Chunking is the lever nobody thinks about until answers are wrong. Five strategies; hierarchical (child for precision, parent for generator context) is the pragmatic default for structured documents.
Embedding model locks dimensions and therefore storage footprint. Titan V2 at 1,024 is the sensible English-corpus default; changing embedding models means reindexing.
Metadata filters run during vector search, not after. That’s what makes access control effective rather than cosmetic – disallowed chunks never enter the top-K and never pollute the generator.
Filter operators cover equals, numeric comparisons, in / notIn, stringContains, listContains, startsWith (OpenSearch-Serverless only), andAll / orAll. Enough for group-based access; not enough for multi-hop SQL-style ACL joins.
Identity-to-groups translation happens server-side. The browser never composes filters; that’s the one non-negotiable security boundary in the design.
Citations depend on the $output_format_instructions$ placeholder. Remove it to hand-tune the prompt and citations vanish silently.
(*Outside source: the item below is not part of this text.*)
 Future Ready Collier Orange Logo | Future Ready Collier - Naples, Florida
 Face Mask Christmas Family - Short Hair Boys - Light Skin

Incremental ingestion scales from weekly cron to per-object S3 event triggers without rearchitecting. “Weekly” becomes “within an hour” with a config change, not a redesign.
Aurora pgvector is the upgrade path when access-control logic exceeds metadata-filter operators. Kendra is the upgrade when ranking quality beats embedding flexibility. Fine-tuning is the wrong path entirely for living, access-controlled corpora.

The answer: Bedrock Knowledge Bases on OpenSearch Serverless, Titan Text Embeddings V2 at 1,024 dimensions, hierarchical chunking with child 300 tokens and parent 1,500, metadata sidecars declaring allowed_groups, every RetrieveAndGenerate filtered by the caller’s group membership via orAll + listContains. Weekly EventBridge-triggered StartIngestionJob; Claude Sonnet for generation with the default prompt template preserving $output_format_instructions$ . Latency closes at ~2.1 s P95 – generation is the long pole, retrieval barely registers. A configured managed service plus a small orchestration Lambda, not a pipeline to own.